In their home at Eaton Square they have a couple visiting, Annette (Alice Henley) and her fiancé Mervyn (TimDownie) who came for one night and stayed for days.

Life isn't easy for the young Marquis and his sister. The desperate need to keep up appearances is immense, particularly where they both are addicted to 'Charlie and Henry', a nickname they have given the white powder they sniff to boost their daily life. Unfortunately for the two, the castle they had inherited loses its roof to a fire and, as one might expect, the insurance had lapsed before it could cover the cost of the repairs. Their investment in the purchase of a hotel proved costly. In desperation, Charlie travels to Bogota from where he manages to smuggle cocaine inside the head sculptures of four Roman Emperors.

While the Marquis is busy contemplating ways of earning money, his sister is busy spending it. Her social charitable work is indiscriminate sex with males serving her, from Tesco delivery boys to her builder and now Darrell Day (Wesley Theobald), a limousine chauffeur, who also happens to know a great deal about her brother's sexual habits. Darrell is black and is a quick learner when it comes to preparing cocktails and sexual services.

The unexpected arrival of Cara Coleman (Jacqueline Wood) is initially met with delight tinged with awe, particularly from star struck Annette. Cara is a drug addict, whose greatest achievement is to abstain from drugs for 43 days. She is manipulative and well versed in muddying water and masquerading as innocent vulnerable 'recently widowed' woman.

The dialogue is, overall, convincing and in parts are funny. In a play where drugs and sex are the bedrock of the society, clichés are inevitable.

The performances range from mediocre to excellent. Jason Lawson's casting of Henry and Cara is inspired. Wood's and Dawnay's performances are the fulcrums of this production. They highlight the grotesque in our celebrity obsessed society.

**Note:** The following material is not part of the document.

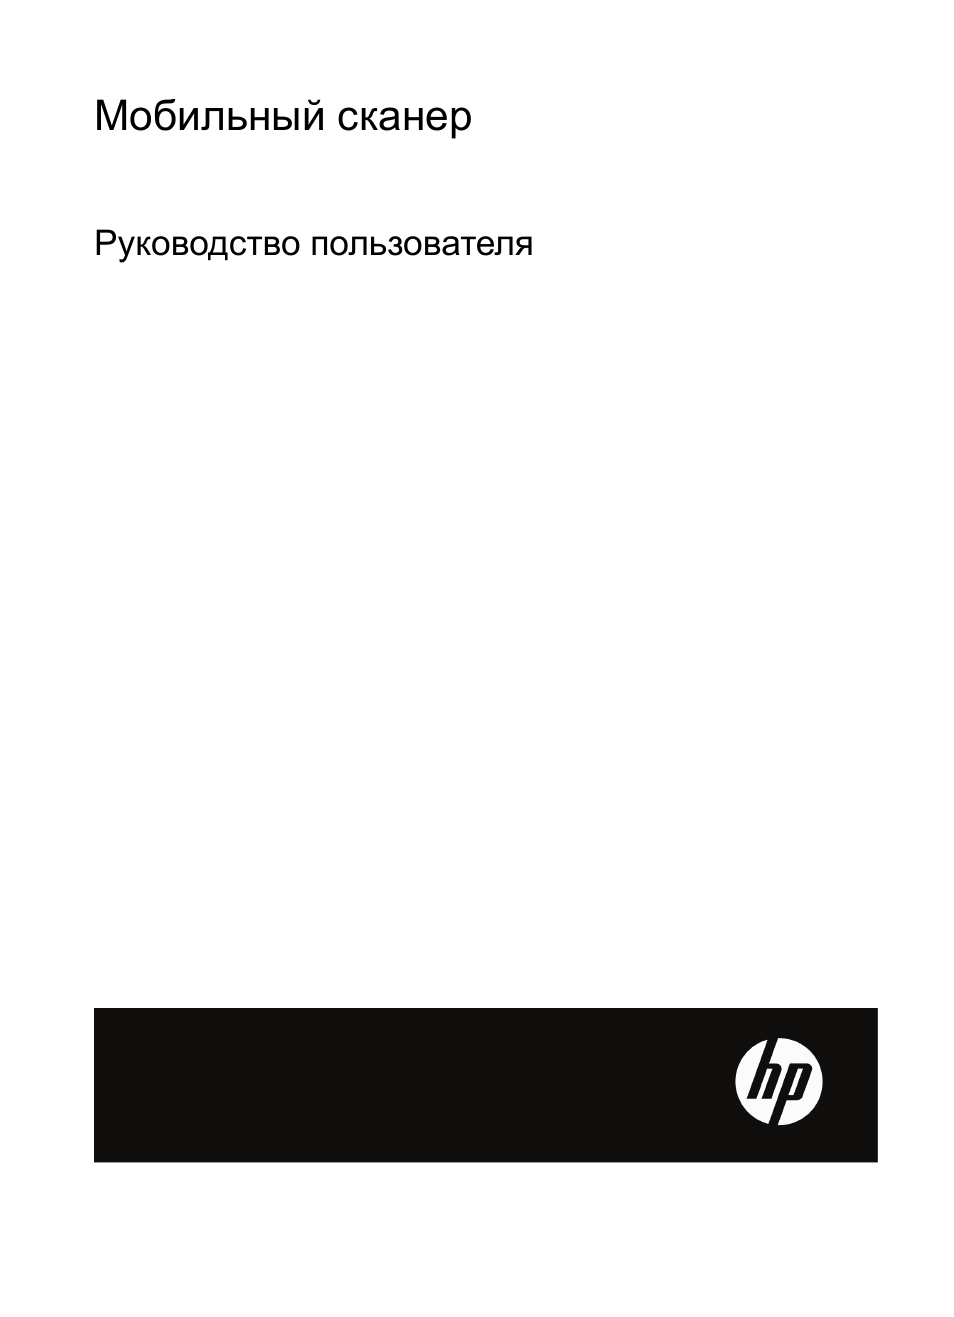 Инструкция по эксплуатации HP Мобильный сканер HP Scanjet Professional 1000 | 27 страниц

The theatre programme provides a detailed background to the playwright, Peter Maddoock. He was a lawyer who later trafficked drugs. In 1982 he was caught and many other celebrities, including the Queen's cousin the Marquis of Bristol, were exposed. He paid for his crime with 40 months in jail where he spawned the first draft of this play.

Evidently, his personal experience provides a convincing insight, in this debut comedy-drama, into the ugly existence of an exploitive, self-centred and greedy society whose attachments to cocaine and sex are all-consuming.